La perte de souveraineté économique est un désastreux péril. C'est ce que vivent présentement la Grèce et quelques autres pays européens. C'est ce que vit la quasi-totalité de l'Afrique (je devrais dire la totalité), c'est ce que vivait la totalité des pays d'Amérique latine avant cet éveil socialiste.
Sans qu'on ne s'en rende compte, on nous vole notre économie. Parfois littéralement quand on pense aux mines et aux forêts. Parfois par des règles, des lois, des ententes comme celles sur le libre-échange ou encore la privatisation qui fait disparaître peu à peu le pouvoir de l'État (de nous) ou comme ces ventes, toujours en douce qui nous sont présentés comme une fatalité bénéfique (sic) et incontournable.
Saviez-vous que la plupart de nos piliers économiques ne sont plus à nous ?
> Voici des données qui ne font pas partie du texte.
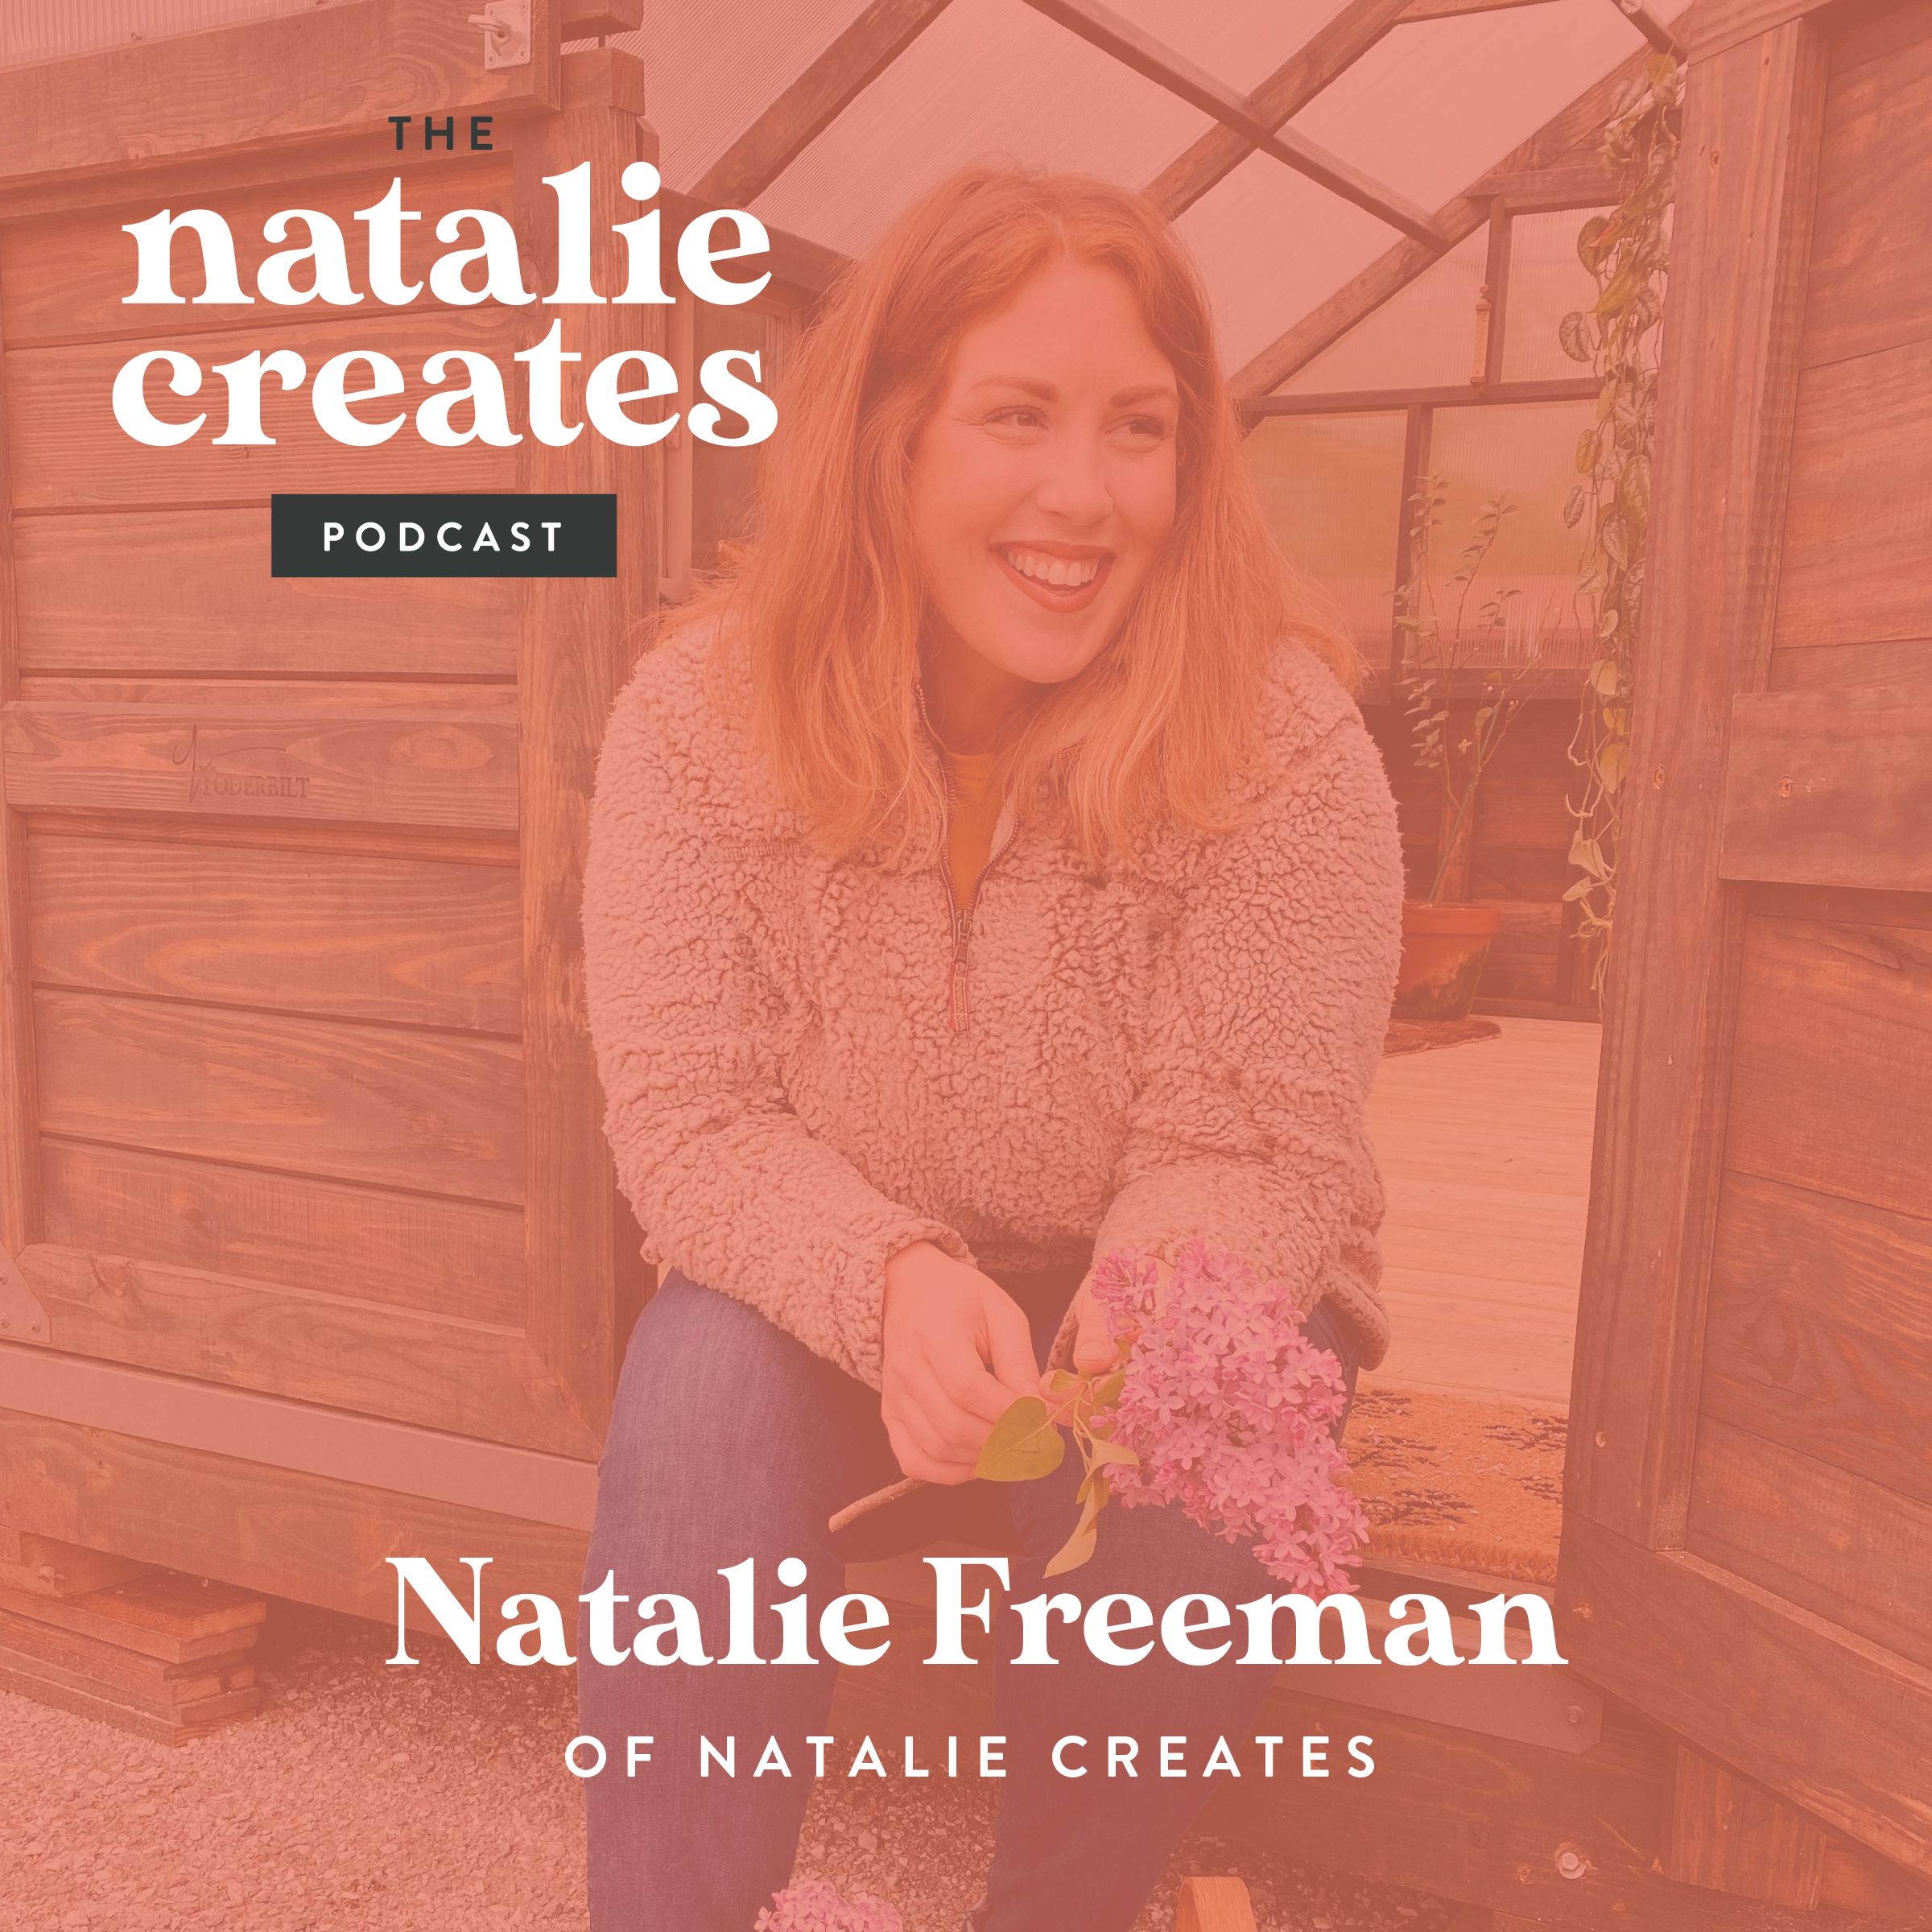 8. Re-Centering Yourself in a Crisis with Natalie

Il y a bien sûr ces vautours qui travaillent à privatiser Hydro-Québec, mais on oublie que depuis 1985, 12 100 firmes "canadiennes" (répertoriées en 2008) ont été vendues [2], en douce, à des "intérêts" étranges, dont 600 depuis le règne du bienfaisant (sic) Stephen Harper (élu en janvier 2006. 600 en seulement deux ans, efficace ce Stephen! Et Charest ?) La plupart de ces ventes (prises de contrôle) ont été "approuvées" «sans examen» par Ottawa ou par Québec. Quelques-unes ont été "examinées", mais AUCUNE ne fut rejetée.
Le Québec a ainsi perdu le contrôle de pans complets de son économie, plus particulièrement dans les secteurs minier et sidérurgique.
Perte de contrôle de géants comme: Falconbridge [3], Inco, LionOre, Cambior, Dofasco, Algoma Steel et Ipsco. Et c'est sans oublier les autres gros morceaux comme Agricor United, North American Oil Sands, Standard Aereo, Abitibi Consolidated, Alcan et BCE.
La liste des entreprises québécoises vendues à des intérêts étranges est renversante:
Sico, Molson, Labatt, Van Houtte, Domtar, Provigo, Bauer, Biochem Pharma, Limocar, Bombardier capital, Bombardier produits récréatifs, La Senza, Softimage, Dollarama, Delisle, Vachon, Multi-Marques, Gadoua, Le Groupe Commerce, La Laurentienne, Assurances générales, Meloche Monnex, Aliments Carrière (mon Map-o-spread), DMR, Groupe Hamelin, Sidbec, Réno-Dépôt, Urgel Bourgie, La Place Dupuis, Nova Bus, Lépine-Cloutier, Bélair Direct, Ivaco, Unibroue, Sports Experts, Prévost Car, Cinar, Sodisco, Culinar, Microcell, Télésystème Mobile, Jean-Marc Brunet (le Naturiste), Technilab, Les Canadiens de Montréal (vendu pour 275 millions à Gillet et racheté pour plus de 500 millions, par Molson et Cie), Corby, Seagram, Donohue, Stadacona, Forex, Foresbec, Avenor, Repap, Cartons St-Laurent, Consolidated Bathurst et en fouillant, on peut en trouver d'autres.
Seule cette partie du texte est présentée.